Early interactive voice response units developed by IBM

The IBM 7770 and IBM 7772 Audio Response Units are an early form of interactive voice response (IVR) technology. They allowed users to interact directly with an IBM Mainframe using only a touch-tone telephone or a terminal which could generate tones. They are notable for being part of a number of first of a kind IT solutions and also for enabling what is described as the "world's first talking computer".

Despite these products being considered at one point the "industry standard" with up to a 90% market share, IBM did not develop any new products to replace them.

== Operation ==
A user could send an inquiry (or submit data) to an IBM Audio Response Unit (ARU) in one of four ways:

- A touch-tone telephone
- An inquiry-type terminal
- An IBM 1001 Data Transmission Terminal.
- An IBM 2721 Portal Audio Terminal

The inquiry was made using a series of numeric and control characters. The Audio Response Unit would pass these serially to the attached Mainframe and the response from the Mainframe would be sent back as codes, corresponding to the words that needed to be spoken as the response. The ARU would look up these codes and play them to the user as spoken words. The inquiry itself could be either a data lookup, such as a customer's bank account balance or a credit check result; or it could be a sort of data entry, such as the ID of an absent student, or a retail store order (see example customers below).

== IBM 7770 ==
The IBM 7770 was announced in 1964 with first shipments planned for first quarter 1965. Rental pricing started at US$1200 per month while the purchase price started at US$57,600. The IBM 7770 was manufactured by IBM in Kingston New York.

=== Architecture ===
The IBM 7770 consists of three functions: inquiry; digital control; audio output.

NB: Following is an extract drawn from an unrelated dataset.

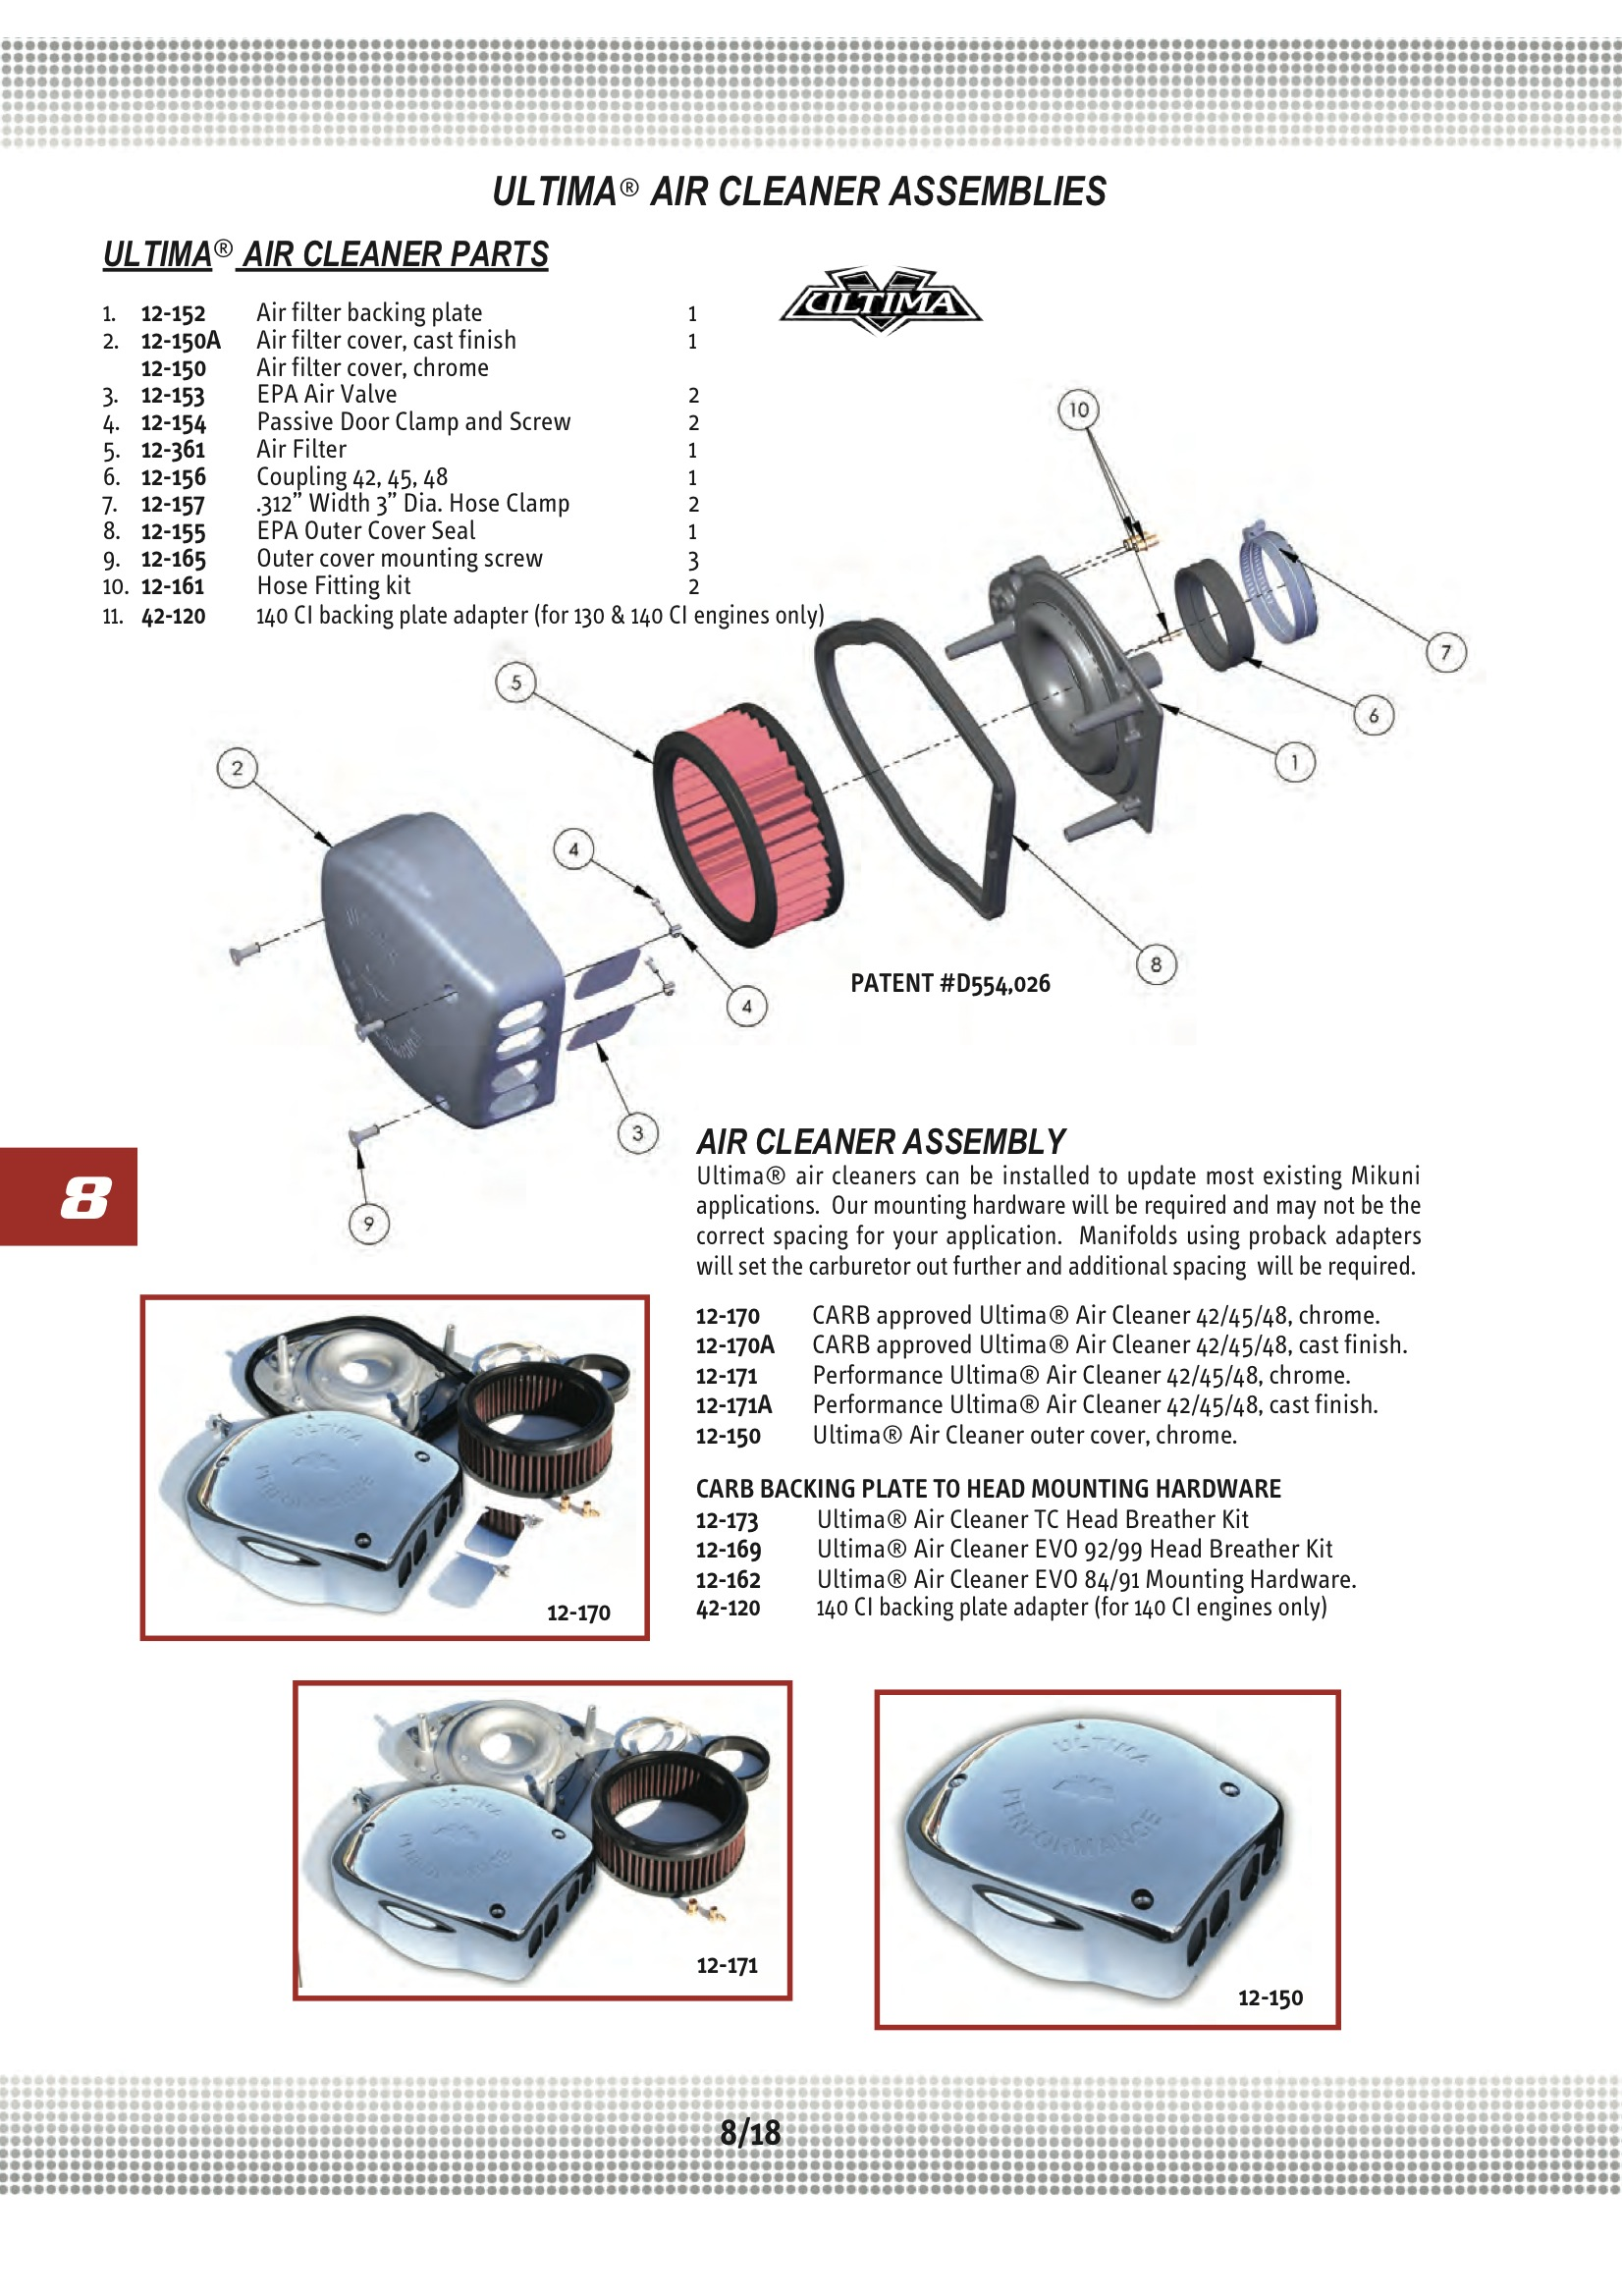 Yamaha Wr426 Wiring Diagram : Yamaha srx wiring diagram sr

- The inquiry section receives a digital inquiry of up to 40 digits from the terminal via the send/receive equipment. The inquiry section translates the incoming data into BCD, assembles it in the buffer associated with the inquiring line, and passes it to the digital control section for transfer to the CPU. An inquiry is considered complete when no further data is received for five consecutive seconds.
- The digital control section manages data flow between the CPU and the IBM 7770. Once the CPU has processed the inquiry, the digital control section transfers the composed response message to the buffer associated with the inquiring line.
- The audio output section generates the spoken response. Under control of the digital control section, vocabulary word addresses are retrieved from the buffer and the corresponding words are read from the drum, amplified, and sent to the inquiring terminal. The maximum response message length is 38 word addresses, terminated by a group mark.

=== Vocabulary ===
The IBM 7770 vocabulary is stored on a magnetic drum. The spoken words are prerecorded in analog form on a magnetic cylinder IBM called a rotor. The rotor is designed to be interchangeable, allowing the user to change the vocabulary by installing one with different recordings. Each word is encoded on a separate track on the drum, which is 4 in in diameter and 10 in long and rotates at 120 rpm (one revolution every 500 ms).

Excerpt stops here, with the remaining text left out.